Zhu teaches, in an analogous system: implementing a hidden layer to process the second merged feature vector ([0034] Each single RNN layer, such as hidden layer 1 at 420 and layer 2 at 422, outputs 128 state output at each timestamp, yielding in total 56×128 output. The hidden layers basically the trained layer that applies learned rules to the input data to reach a prediction); 
and implementing an output layer in communication with the hidden layer to output ([0034] Each single RNN layer, such as hidden layer 1 at 420 and layer 2 at 422, outputs 128 state output. Only on the final RNN layer, output layer 425 one may take the 128 state output at the final timestamp).

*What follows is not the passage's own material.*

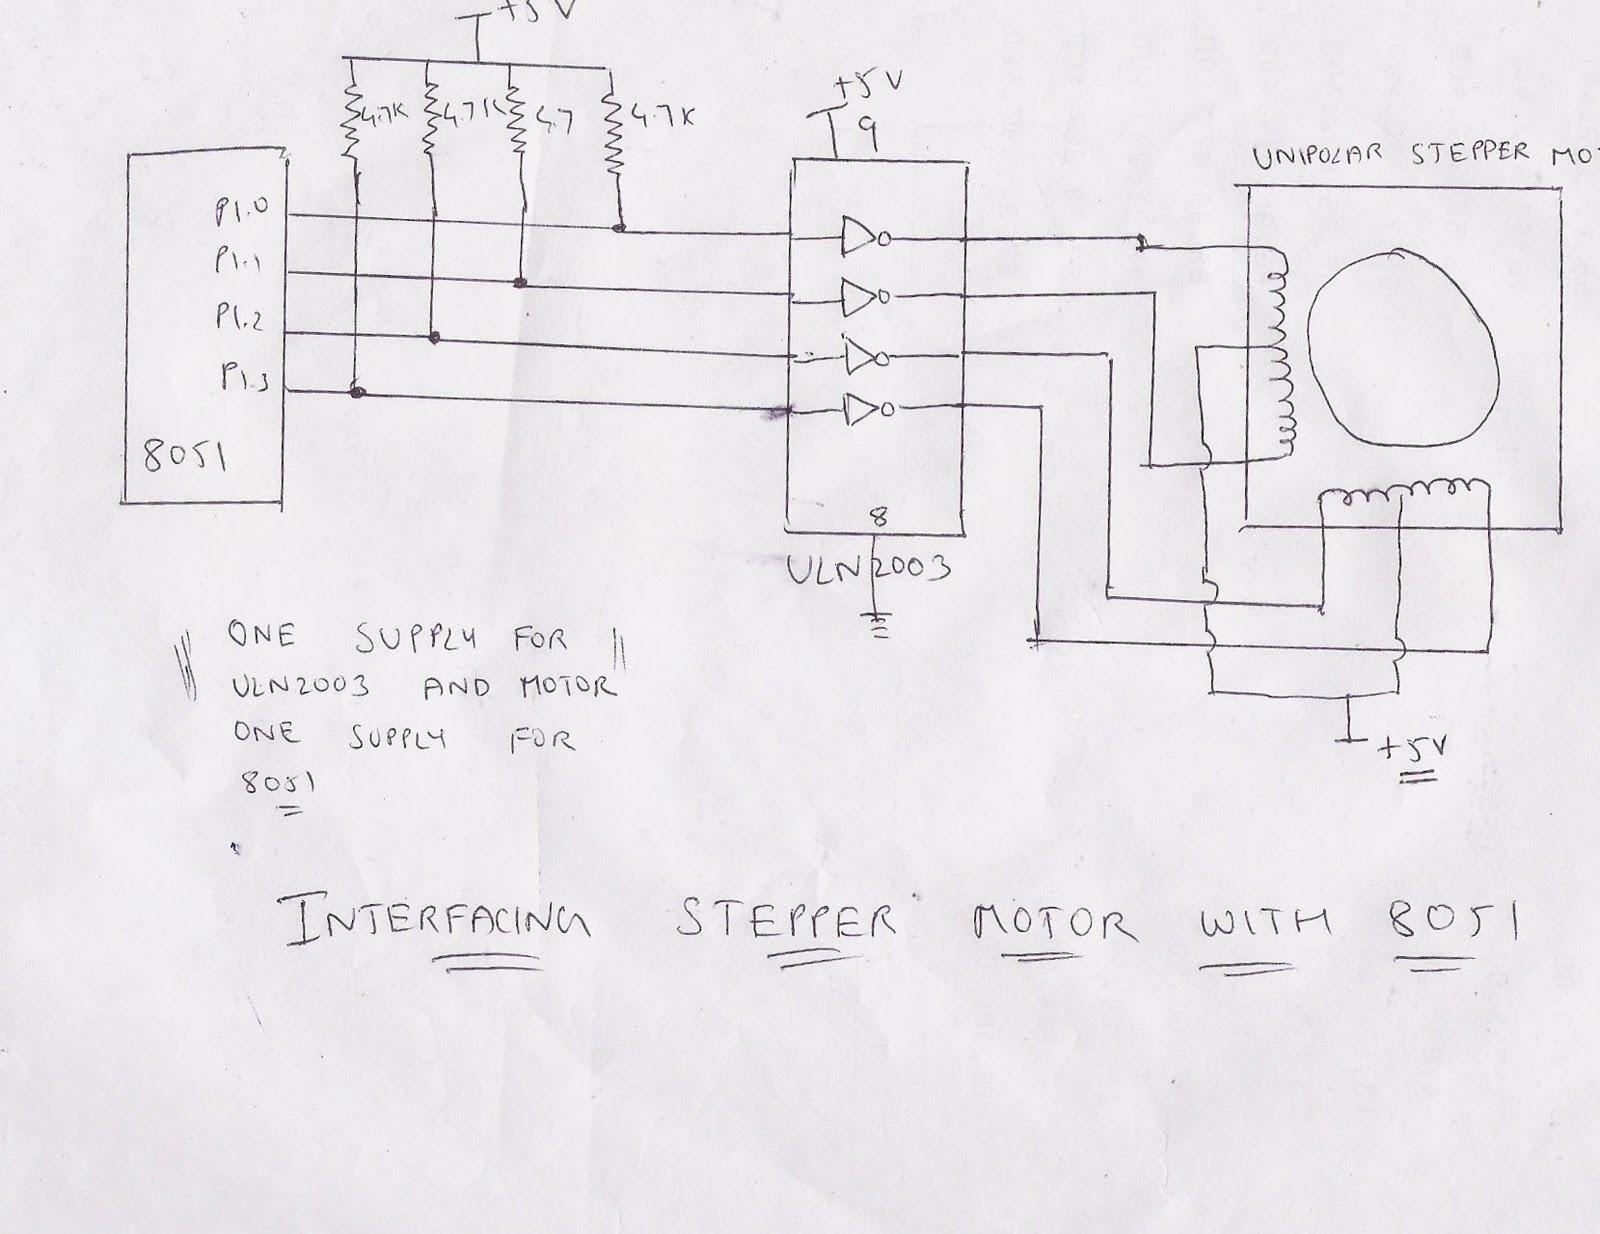 Servo Motor 8051 Block Diagram Wiring Libraries Black Box Using 8051block And Explanation Of Each Blocks Microprocessor Microcontroller Interfacing With Stepper Motor8051

It would have been obvious to one of ordinary skill in the art before the effective filing date of the claimed invention to have modified the combined teachings of the system of Sullivan, Eldering, and Morfi to incorporate the teachings of Zhu to use a hidden layer to process the second merged feature vector and an output layer in communication with the hidden layer to output. One would have been motivated to do this modification because doing so would give the benefit of using hidden layers of the RNN as basically the trained layer that applies learned rules to the input data to reach a prediction as taught by Zhu [0034].

Regarding claim 17
The system of Sullivan, Eldering, Morfi, Zheng, Harvey, and Zhu teaches: The method of claim 16 (as shown above). 

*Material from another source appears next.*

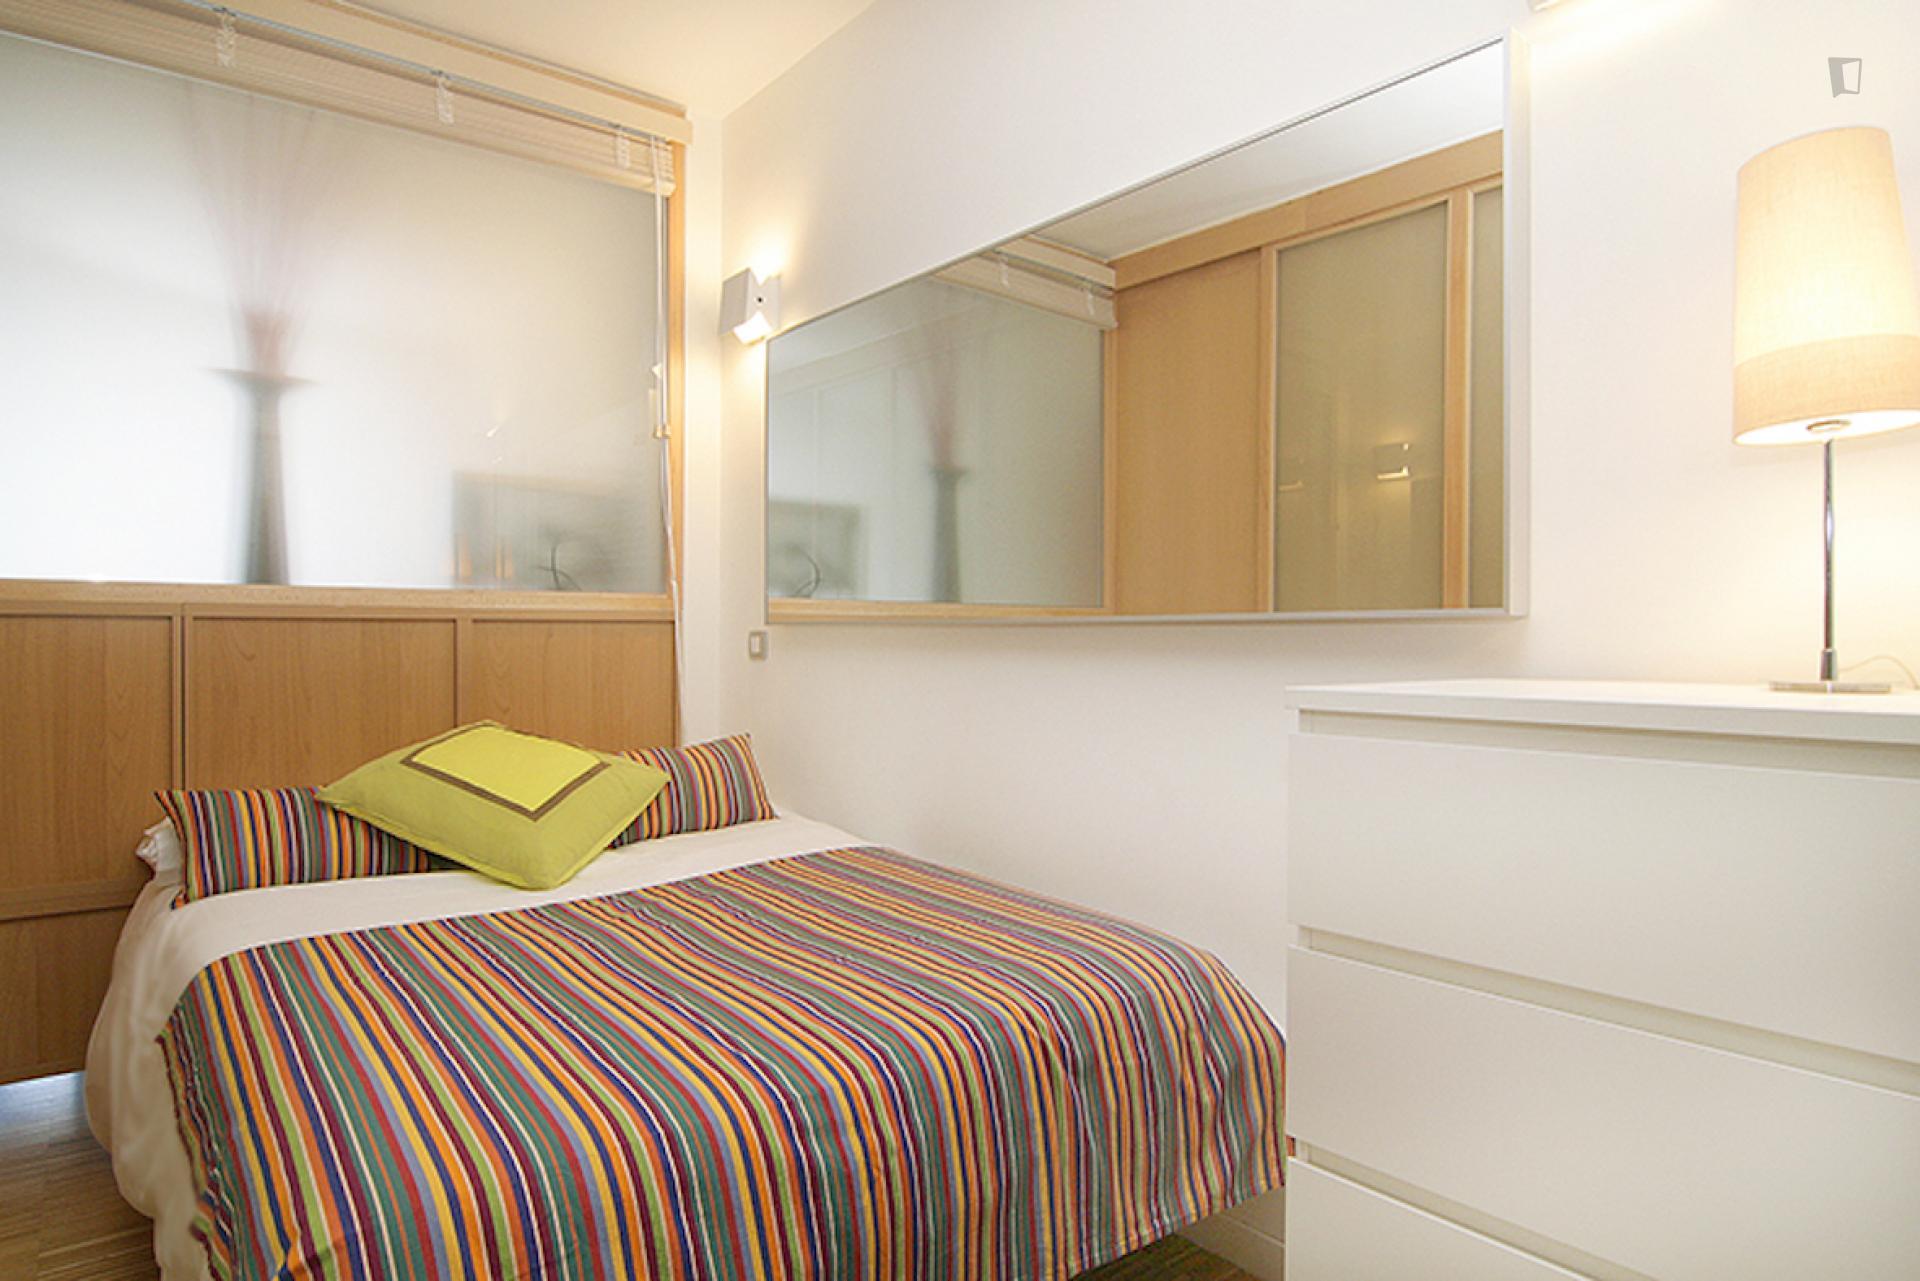 Tirso - 2 bedroom flat in Madrid centre

Sullivan further teaches: wherein the first one of the view blocks corresponding to the first one of the time intervals is to identify the first one of the time intervals and media sources tuned by the first one of the set-top boxes during the first one of the time intervals ([0024] Because collecting information from panelist households can be difficult and costly, AMEs and other entities interested in measuring media/audiences have begun to collect information from other sources such as set-top boxes. tuning data” refers to information pertaining to tuning events (e.g., a STB being turned on or off, channel changes, volume changes, tuning duration times, etc.) of a STB. [0049] The STB 110 of the illustrated example collects and/or records tuning data associated with tuning events of the STB 110 and/or the media presentation device 112 (e.g., turning the STB 110 on or off, changing the channel presented via the media presentation device 112, increasing or lowering the volume, remaining on a channel for a duration of time, etc). For example, each tuning event of the tuning data 108 is identified by a channel (e.g., ABC, NBC, USA Network, Comedy Central, NBCSports, HGTV, etc.) and a time (e.g., a particular time such as 7:10 A.M. or 8:31 P.M., a predetermined time-period segment such as 7:00-7:15 A.M. or 8:00-8:30 P.M., etc.) associated with the tuning event. [0075] the first panelist household. Note: Panelist household corresponds to return path data household. The example corresponds to a view block in which the channel corresponds to the media source tuned and the time-period segment corresponds to the time intervals).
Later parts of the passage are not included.